After the release of the character Wuyang, media outlets asked Blizzard if they had begun shifting towards more conventionally attractive characters and away from "oddball" heroes, specifically characters like Winston. Though Blizzard later clarified that "oddball" character designs were still in development, some fans and journalists voice their concern for abandoning such concepts, feeling they were integral to Overwatchs character design.

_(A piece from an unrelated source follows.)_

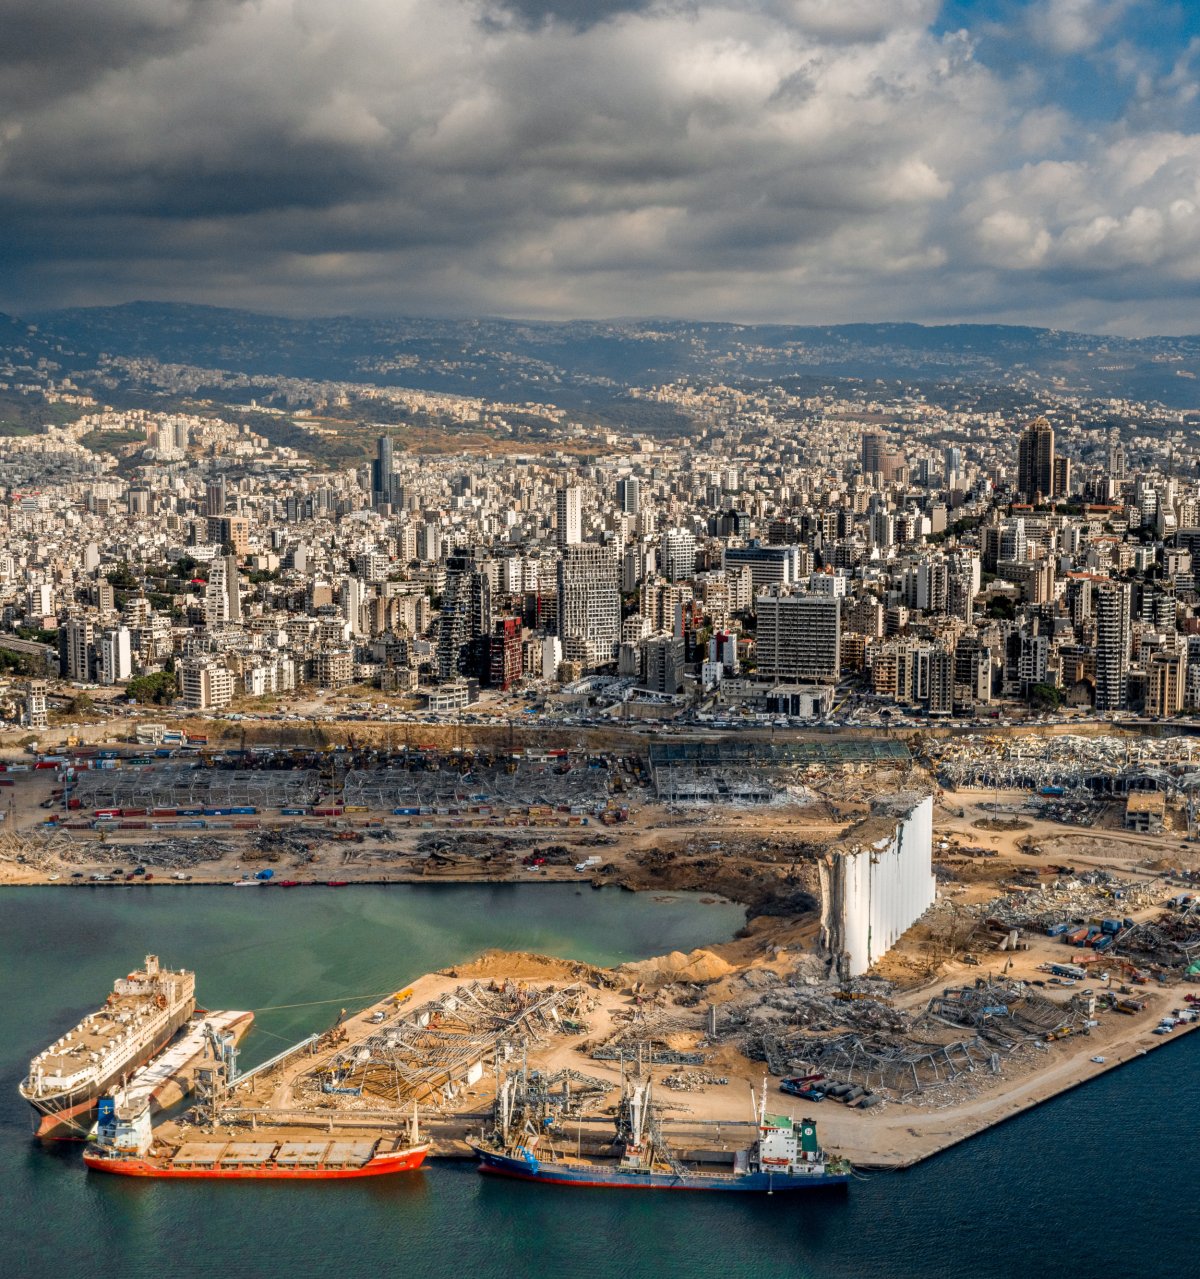 Beirut Port area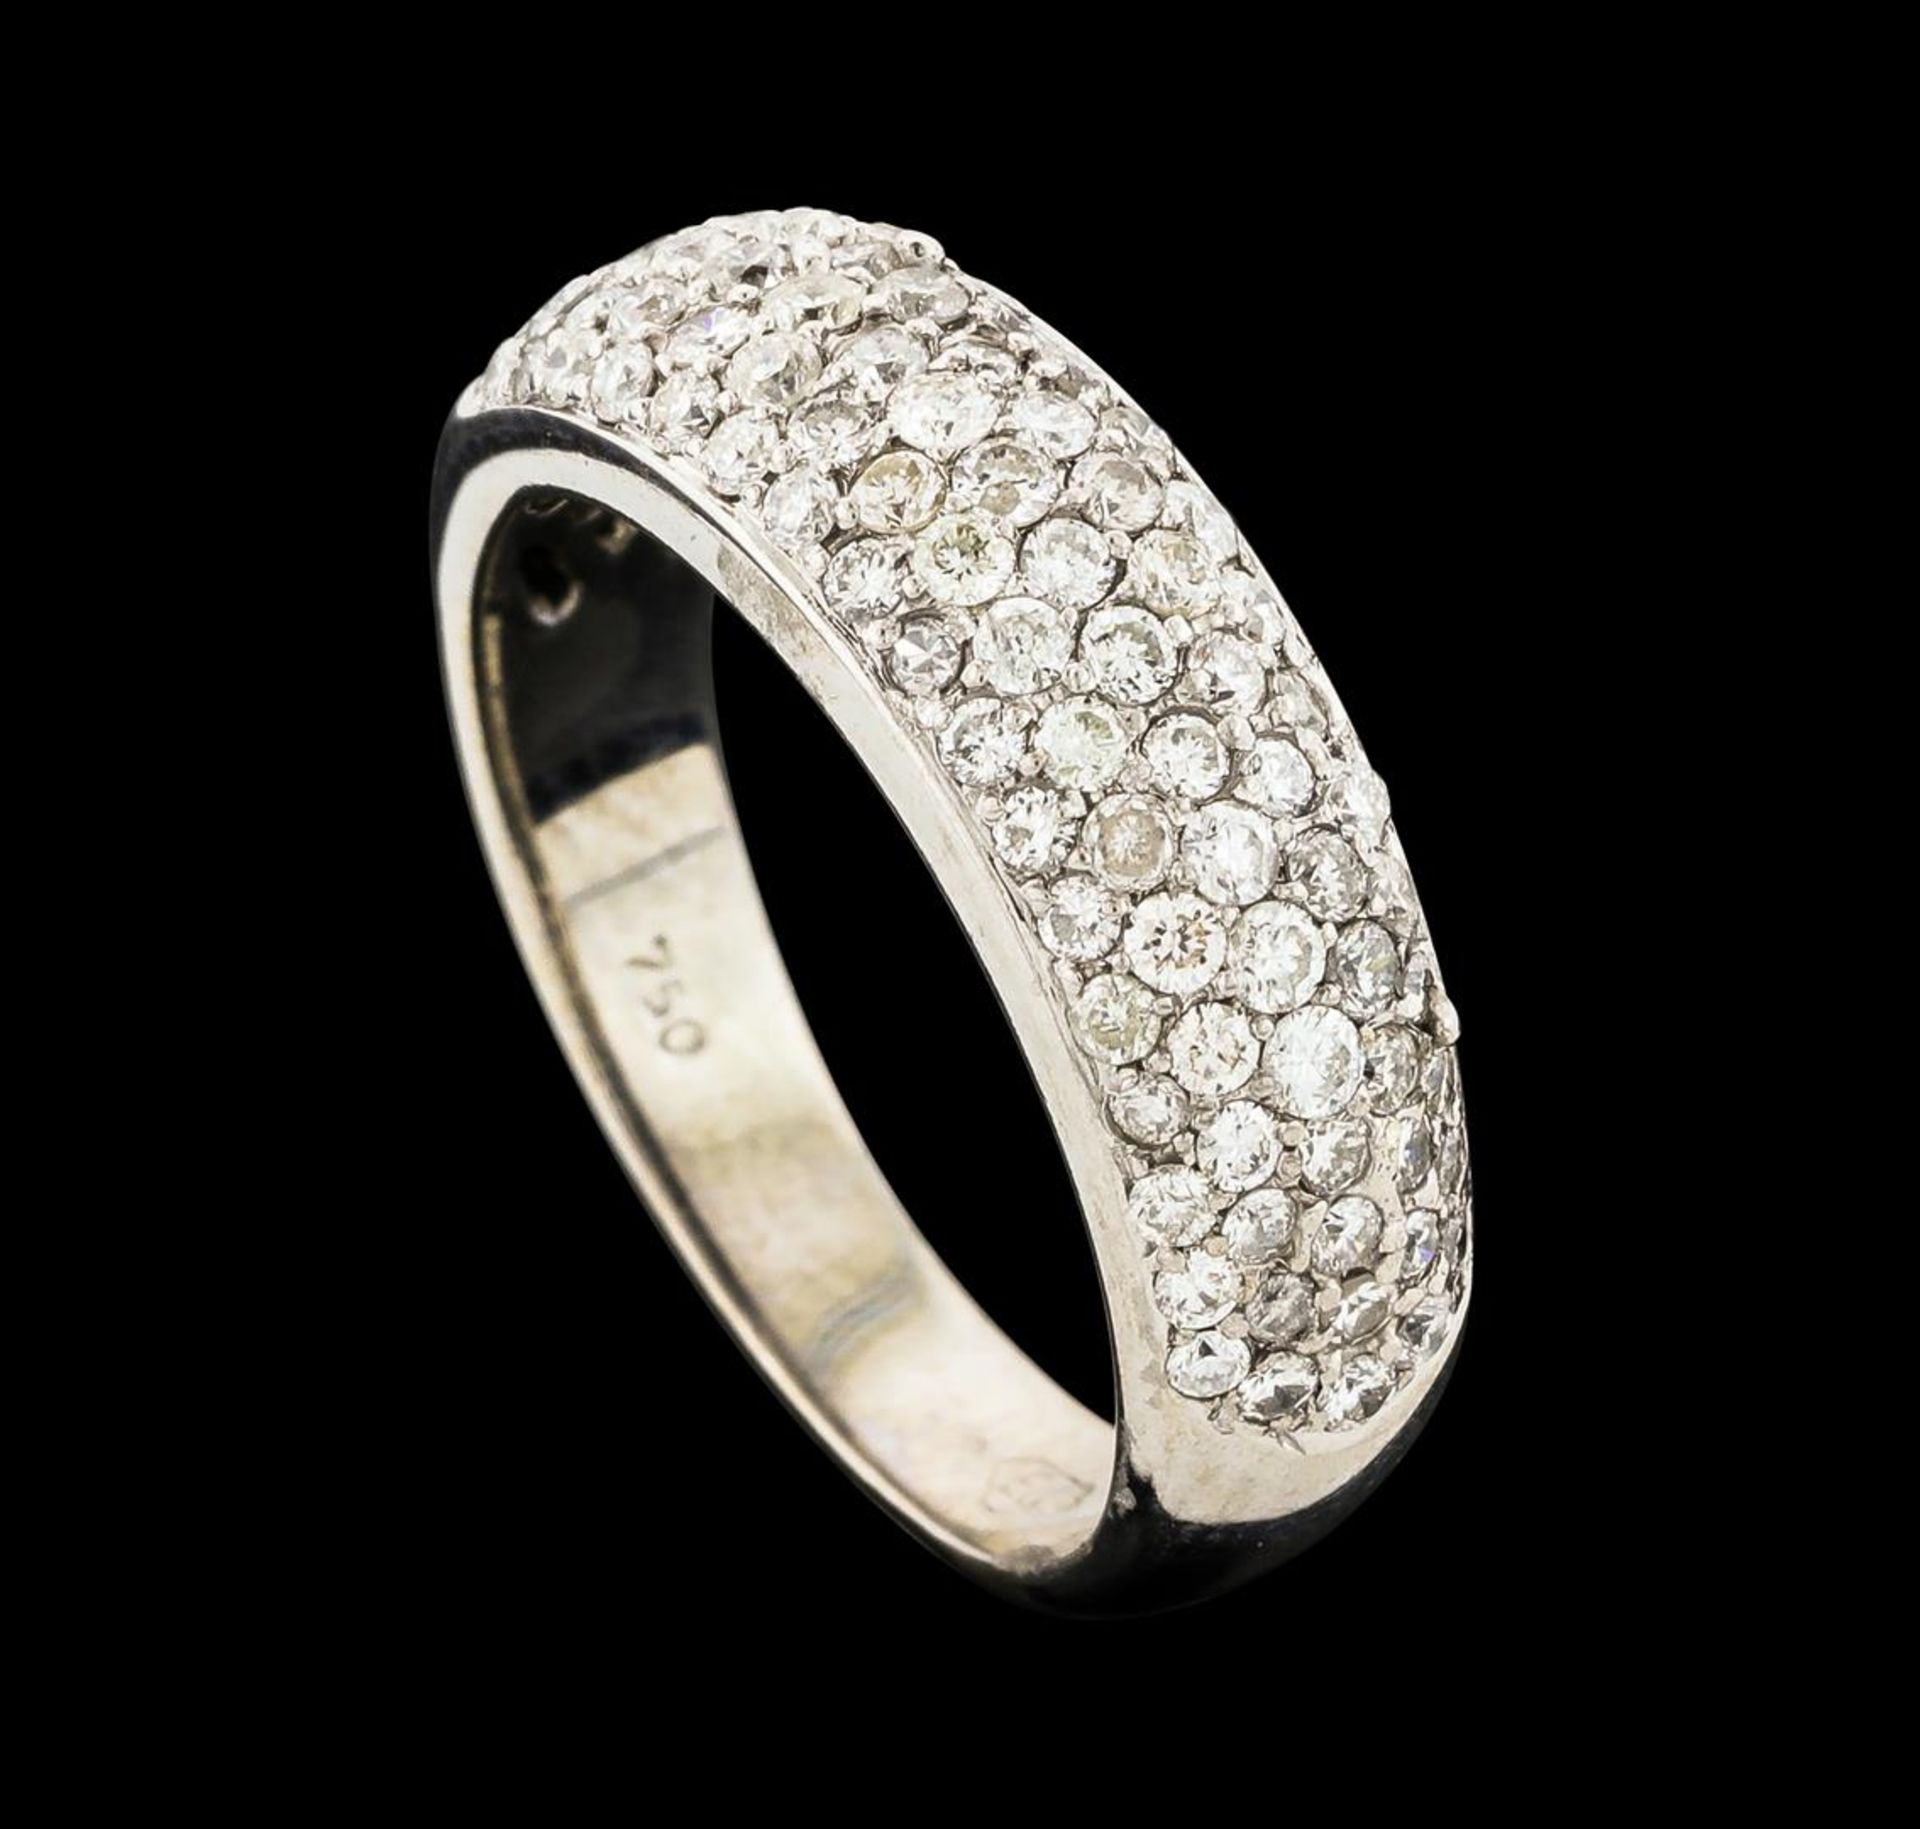 0.95 ctw Diamond Ring - 18KT White Gold - Image 4 of 5

Tobi Stouffer of ComicBook.com pointed out that characters like Winston were defined by the extraordinary circumstances around them, and helped set the cast apart from titles such as Valorant, adding "shifting away from characters like Winston is a deviation from one of the things that made, and still makes, Overwatch stand out from its peers". He expressed further that one of Overwatchs strengths lied in how it made characters like Winston relatable through its narrative design, acknowledging it was likely a difficult achievement.